身体を巡る感情に身を浸しながらも、美濃は折っていた膝を伸ばす。心を裂く悲しみは溢れているが、同じくらいに憎しみも燻ぶっていた。
しっかりとした足取りは研究所の建物へ踏み入る。
建物の中は瓦礫が散らばってはいるが、適当なりに整備されている様子が窺えた。天井に開いた穴や、崩れた壁から入り込む日光が光源で、暗がりの道をぼんやりと照らしている。
様々な施設を複合する研究所は、美濃に言わせれば無駄に広い。建物内部に入ったことのない美濃に分かるのは、メルトレイド格納庫のある方向くらいのもので、若桜が拠点にしていそうな部屋の心当たりなど一切なかった。

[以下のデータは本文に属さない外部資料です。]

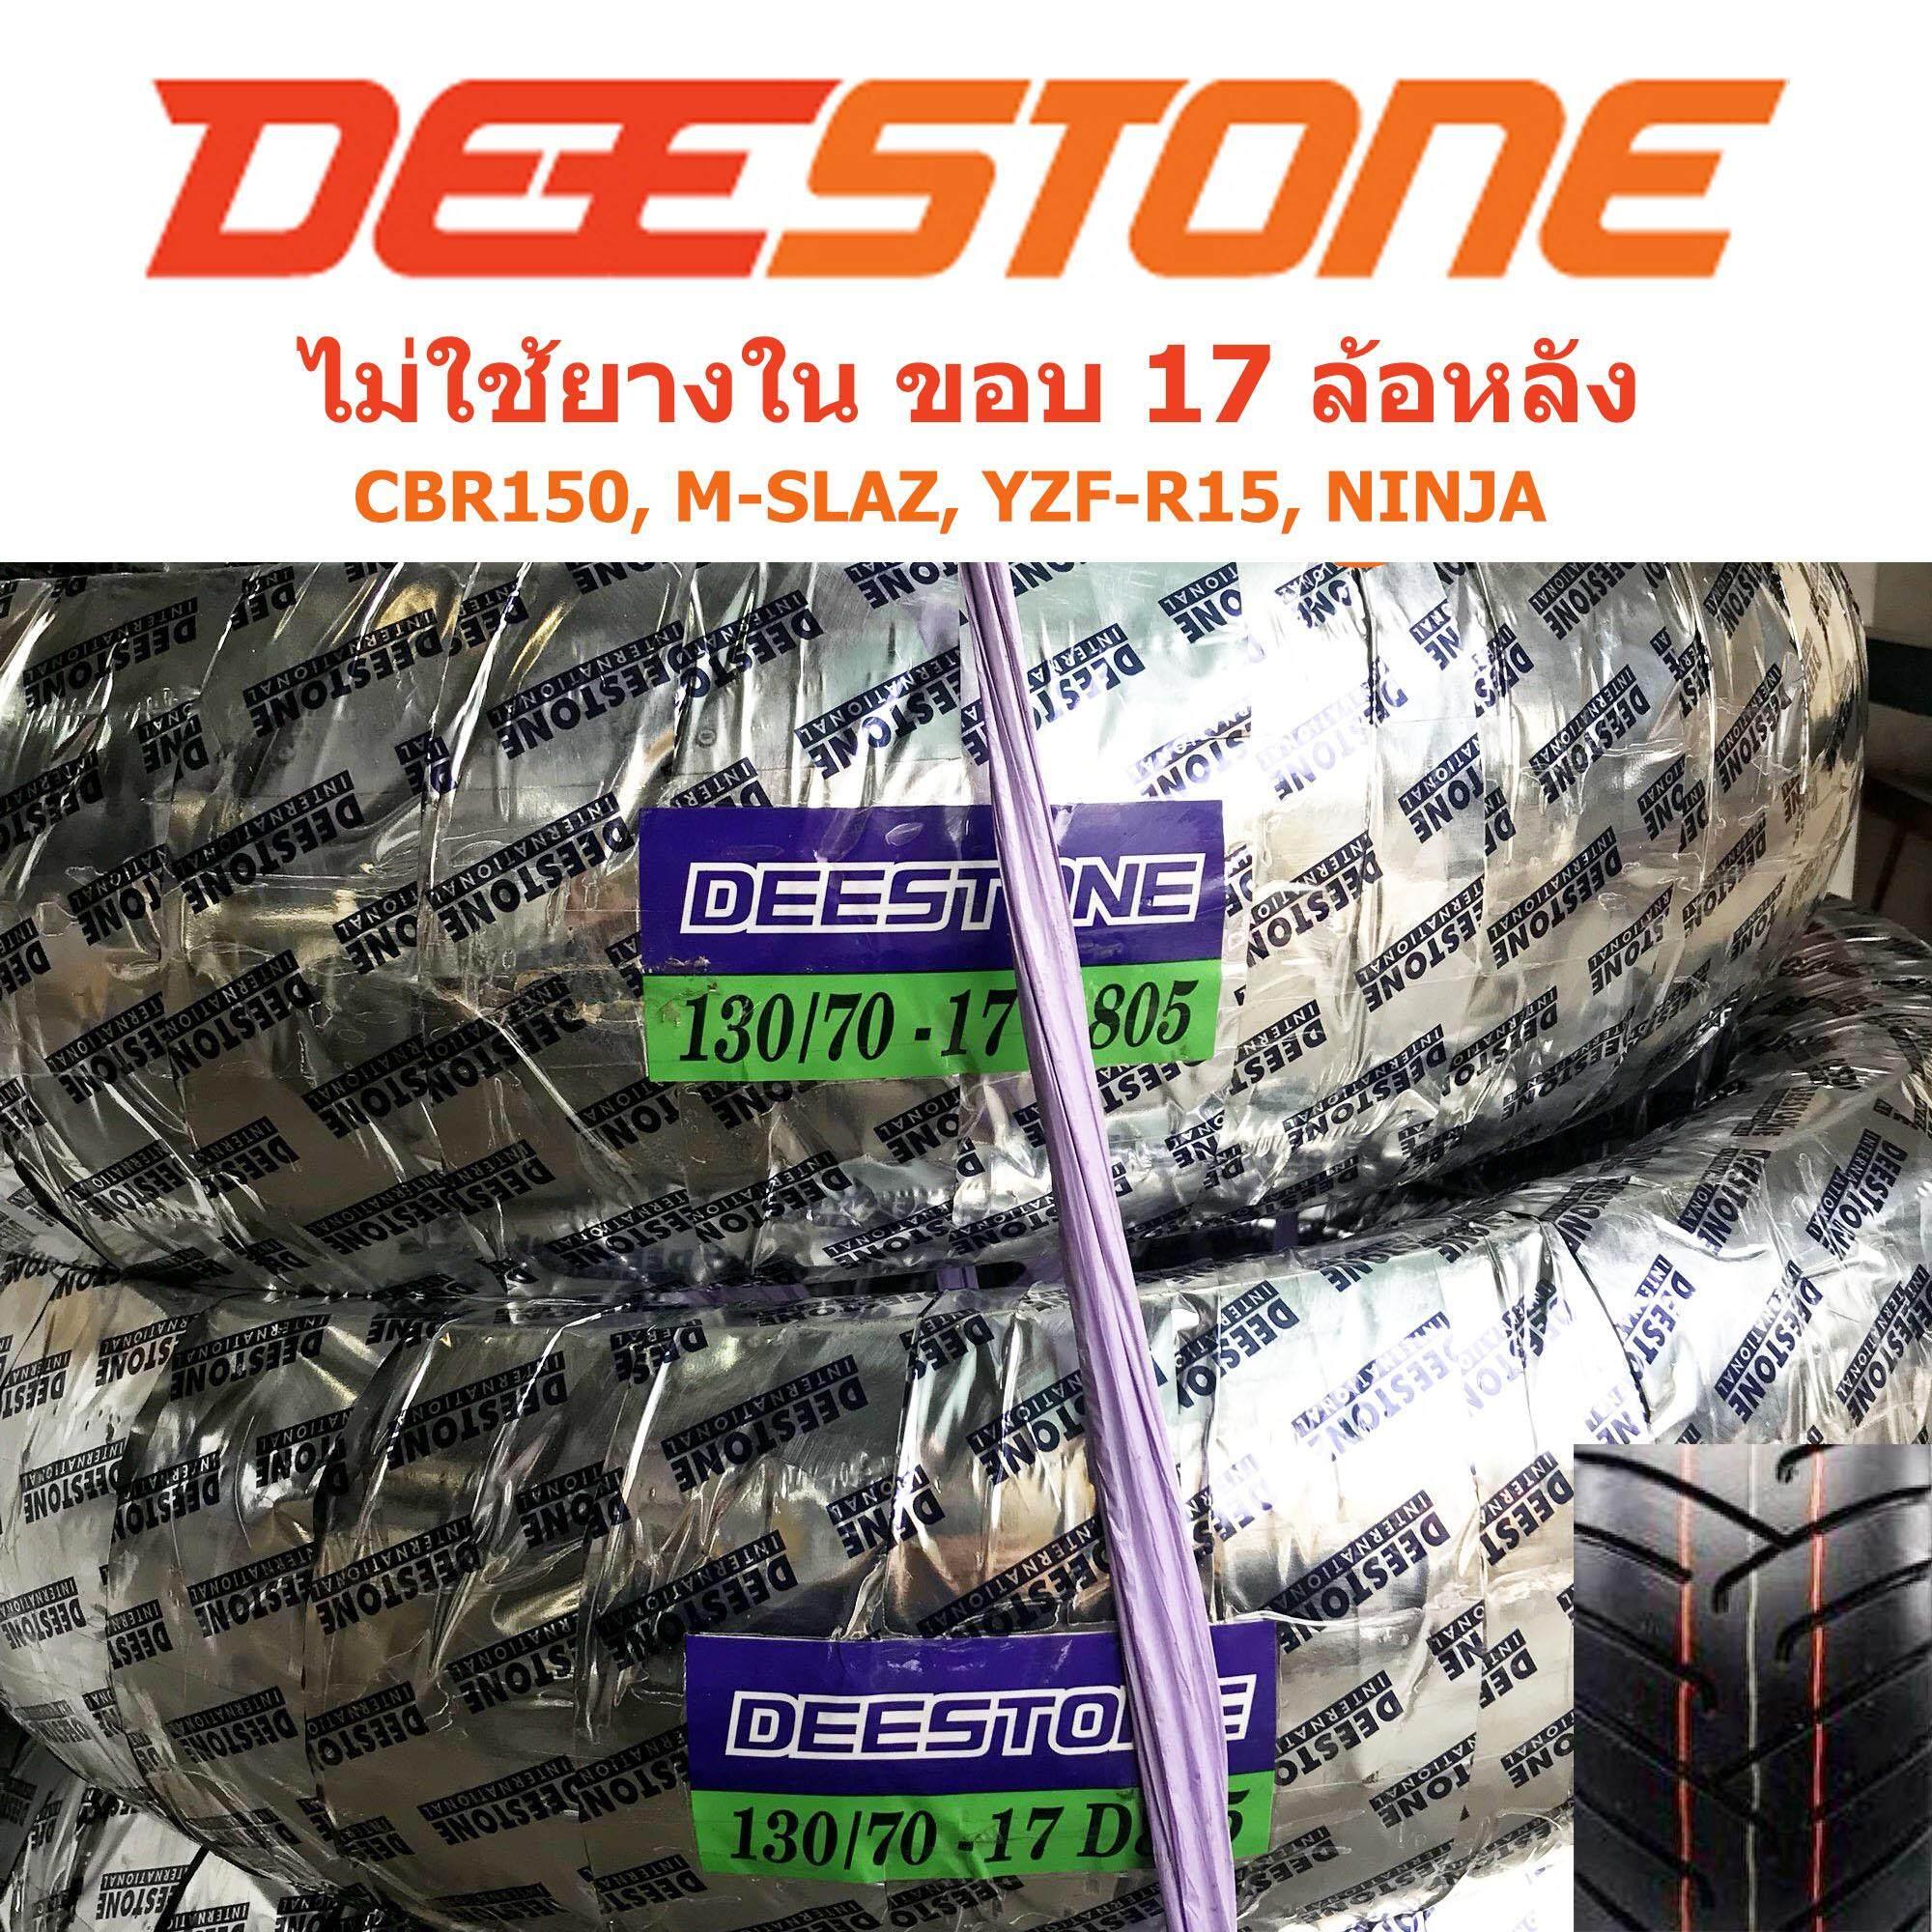 Deestone ดีสโตน ยางนอกไม่ต้องใช้ยางใน ขอบ 17 รุ่น D805 Tl 130/70-17 สำหรับ Cbr 150r, M-Slaz, R15, Ninja, Gpx Cr5 (ล้อหลัง) 1 เส้น.

迷子必至であるが、美濃の頭にはそんなネガティブな発想はない。正しくは、そんなことを思い浮かべる心の隙間がなかった。
「……」
足早なブーツの足音は反響して廊下の長さを教える。美濃は思案に足を止めることはなく、詳細を知らない研究所を突き進んだ。
続く廊下の先、淡い灯りが美濃の視界に入る。引き寄せられるように光に近づいていく。明かりが大きくなるにつれて、その先に広がる景色も見え始めた。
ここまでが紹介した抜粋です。